Bouquet’s idea of a train wasn’t a scale model on a track in the play room. He wanted something little Ronnie, now 3½, could actually ride in. So, he got to work.

Now, children in Bouquet’s Port Allen neighborhood know when they hear an air horn, it’s time to go outside and take a ride. Bouquet’s railway has become a reality.

Powered by a 20-horsepower engine, Bouquet’s locomotive pulls several kid-toting cars, which remain works in progress. When he’s done, there will be a boxcar, cattle car, tank car and caboose.

“It’s not a kit,” Bouquet said. “There’s not another one in the world like it. It’s one of a kind. It’s an original.”

That also describes its builder.

Bouquet, 70, worked on bicycles, then cars when he was growing up, and learned welding from his father. As an adult, he’s owned a grocery store, a driving school, a produce stand, a video game room and a company that distributed Little Debbie snack cakes, and once worked for Shell Oil in its warehouse.

For the past five years, he has served as sergeant-at-arms at the State Capitol, where his wife, Penny, also works.

“When I sold everything at 65 and decided I was going to retire, my wife said, ‘Oh, no. You can’t stay home by yourself. You need to come to the Capitol.’ So, she put me to work up there.”

But, since Bouquet gets home at 3:30 p.m., that allows plenty of time to tinker in the workshop. He started with 2-inch-by-2-inch steel tubing and angle irons to build the locomotive frame, then repurposed all sorts of things. He used 55-gallon drums to make the locomotive tank, a five-speed engine and riding lawnmower wheels and a small air tank to power the horn.
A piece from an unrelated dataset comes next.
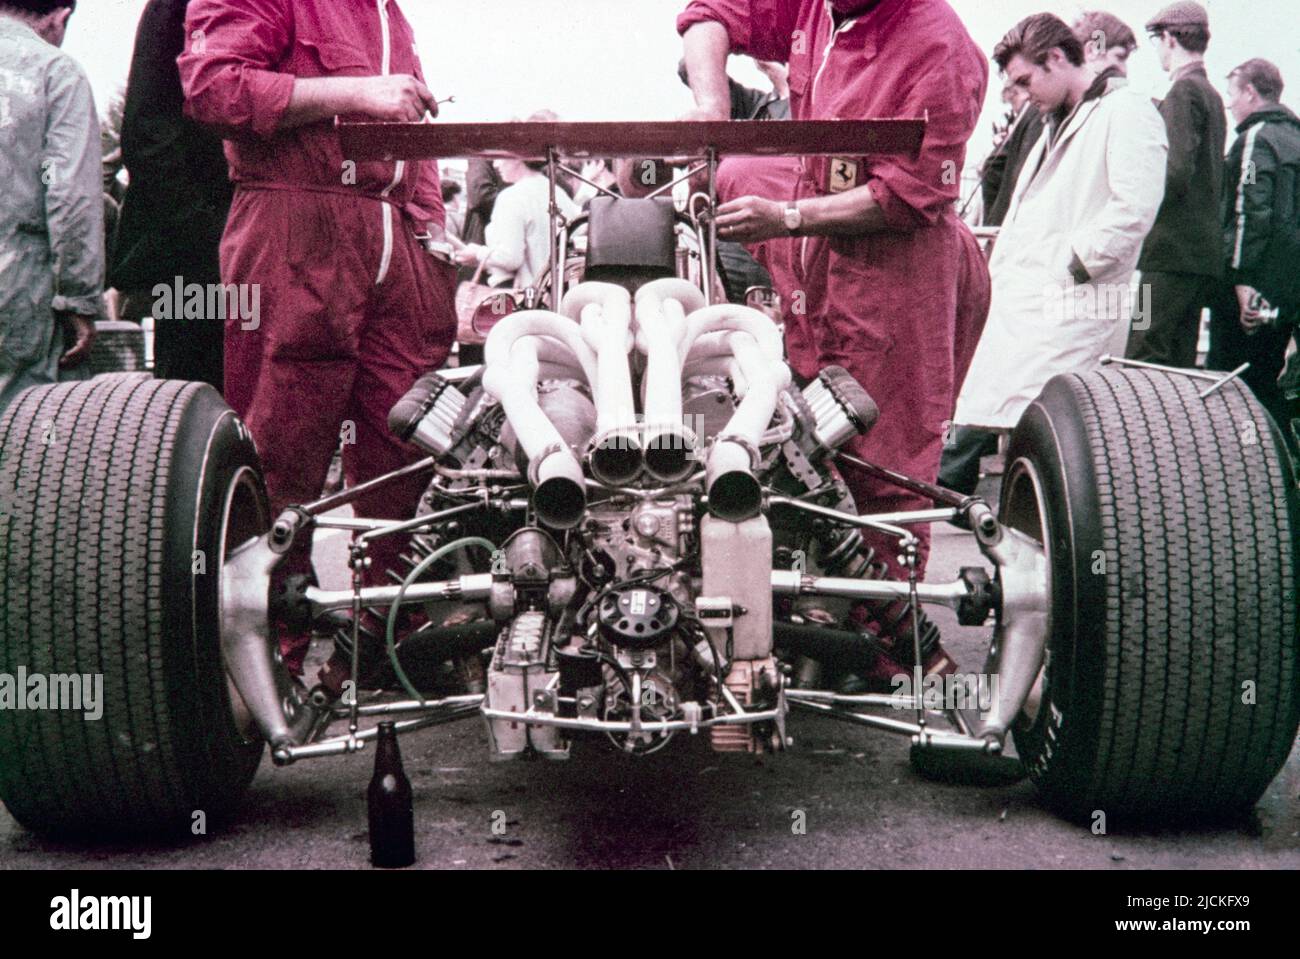 1968 British Formula 1 Grand Prix at Brands Hatch. Ferrari mechanics working on the V12 Engine of the Ferrari 312 driven by Chris Amon. He finished 2nd in the race. Stock Photo

When he noticed a metal chiminea in a neighbor’s yard, it gave him an idea.

“I walked up and said, ‘Man, that would make a great smokestack,’” Bouquet said. He said, ‘Well, man, if you want it, I’ll give it to you.’ I said, ‘No, man, I don’t want to mess up your chiminea.’ He said, ‘No, I want to have part in that train, too.’ The next day he brought it over to my shop.”

Add a bell, an air whistle, a homemade cattle-catcher, some plywood framing and, voila, Bouquet had a locomotive 7½ feet long and 3 feet wide. A friend, Brandi Duplessey, painted Mickey Mouse’s face on the front, and Bouquet finished things off with sheet metal Mickey ears. The cars are being made from metal garden carts to simplify the process.

“It goes a little bit faster than a good, steady, hard walk,” he said. “It’s not built for speed. It’s built for pulling the four cars with people in them.”

That’s a comfortable speed for Ronnie and his sister, Keira, 1½, and whoever else from the neighborhood decides to climb aboard when Bouquet adds railroad engineer to his long list of occupations.

When he isn’t driving the locomotive, Bouquet is likely to be behind the wheel of his 1934 Ford Cabriolet that, unlike several vintage cars he has owned, he bought rather than restored himself.

“I’ve had a great life, a great life,” he said. “I’m 70 years old, and I can outwork any of those youngsters. I can do anything. There’s no such thing as can’t. If you can’t do it, it’s because you don’t want to.”